On tracks like “Rise from the Grave,” complete with accompanying zombie-flick video, Undeath employ the guitar-and-bone crunch of death metal as vessel for genuine hooks that transcend genre. It’s unmistakably death metal, descended from the lineage of Morbid Angel and Obituary, but they push the melody forward even while keeping its guttural sensibility intact. It harbors the same kind of righteous, screwed-up-face endorphin-rush experienced while catching a band like Carcass on Headbanger’s Ball for the first time, and with a memorably campy clip to match. With “Necrobionics,” drummer Matt Browning goes straight for the gallop on a blast that’s less outwardly anthemic but no less immediate, while “Funeral Within” is a nonstop barrage of riff-driven violence. All of them choice cuts of old-school death metal with a sensibility that could appeal to the merely death metal curious; if asked for a place to start with contemporary death metal, it’s highly tempting to simply direct all inquiries here.

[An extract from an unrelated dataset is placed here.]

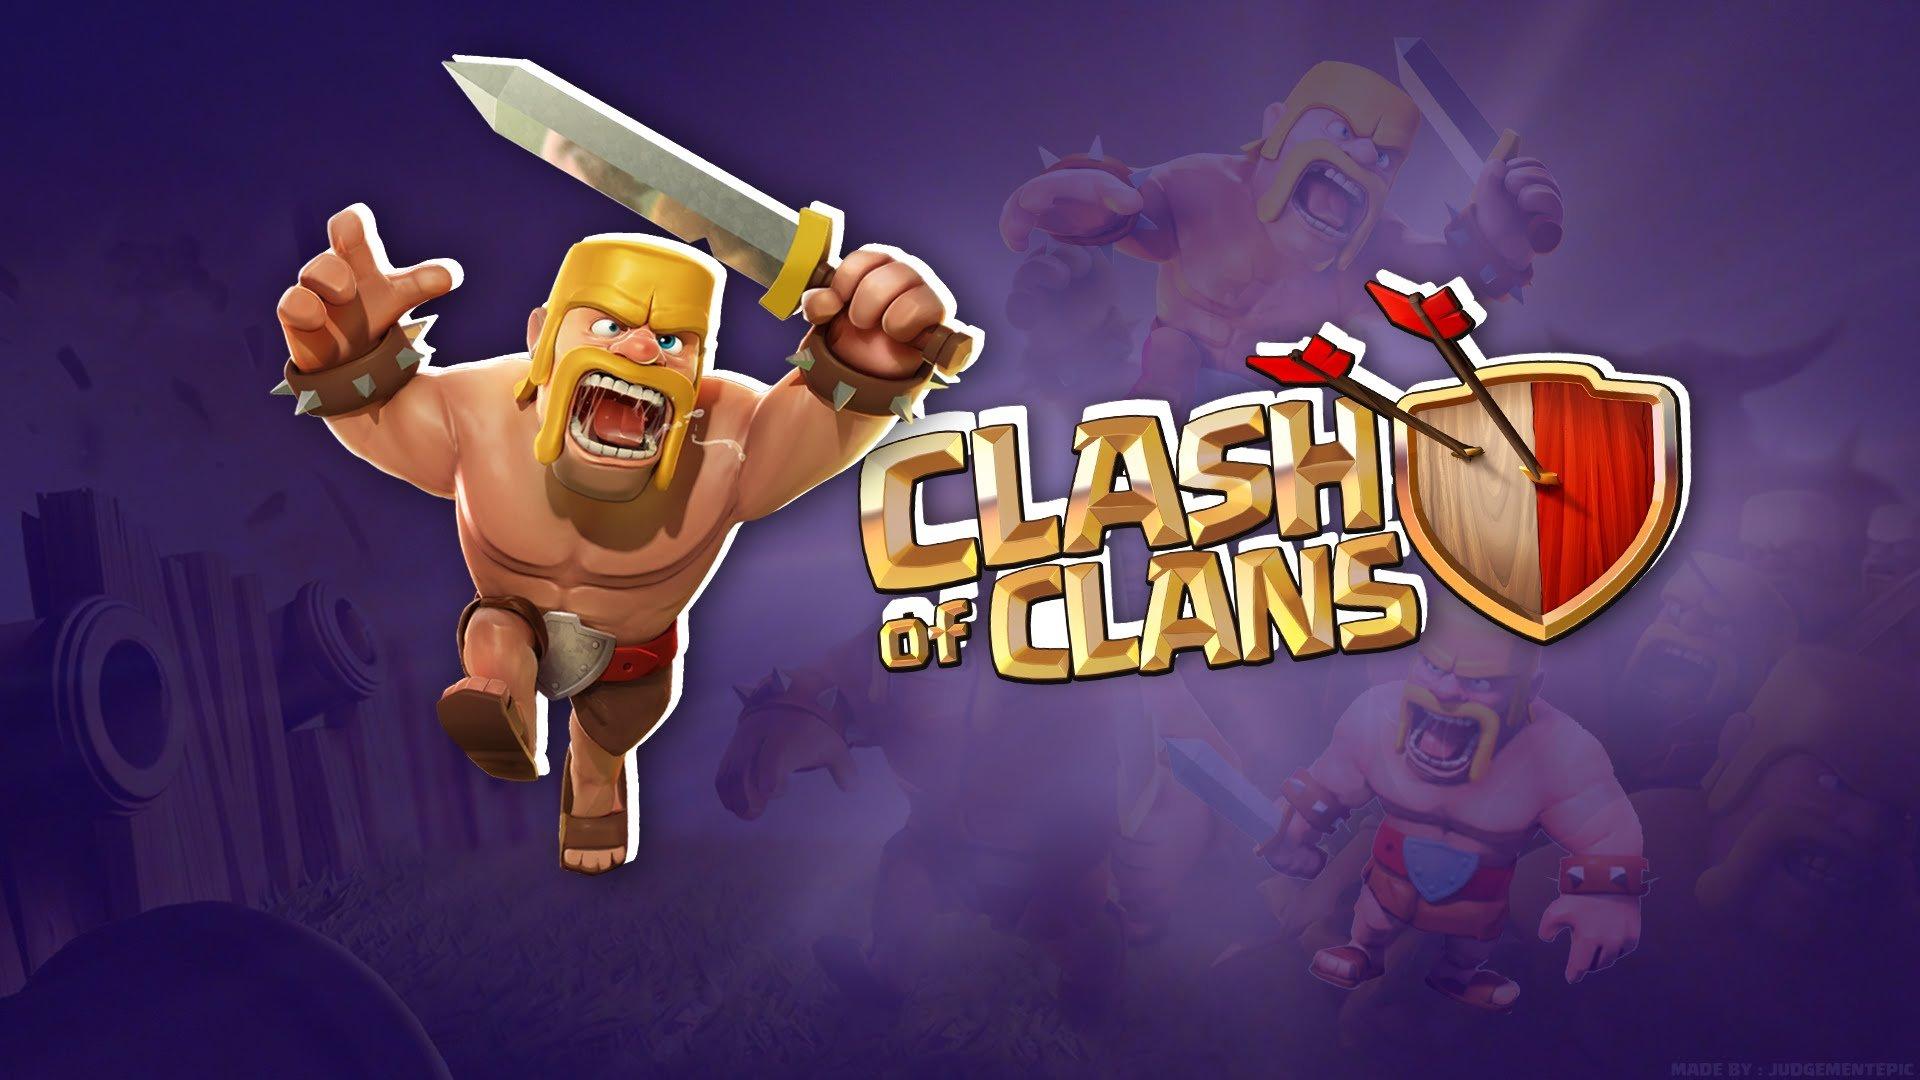 Clash Of Clans Wallpapers WeNeedFun 1920x1080

There’s an abundance of that “dumb fun” of death metal that I alluded to earlier on It’s Time…To Rise From the Grave, which naturally requires something of a sense of gallows humor to fully appreciate. Jones embraces the grotesque in the lyrics he grumbles, bellows and roars on songs like “Head Splattered in Seven Ways,” a title so cartoonishly gross it’s hard not to be at least a little impressed. But the band’s songwriting and instincts for building out the structures of their menacing rippers into something more ornate and artful pays off brilliantly here, whether on the vicious groove of “Bone Wrought” or the eerie minor-key chorus of “Human Chandelier.” It’s Time…To Rise From the Grave is everything a death metal album should be—aggressive, abrasive, intense, disgusting—and that’s only the baseline for the kind of masterful carnage Undeath have wrought.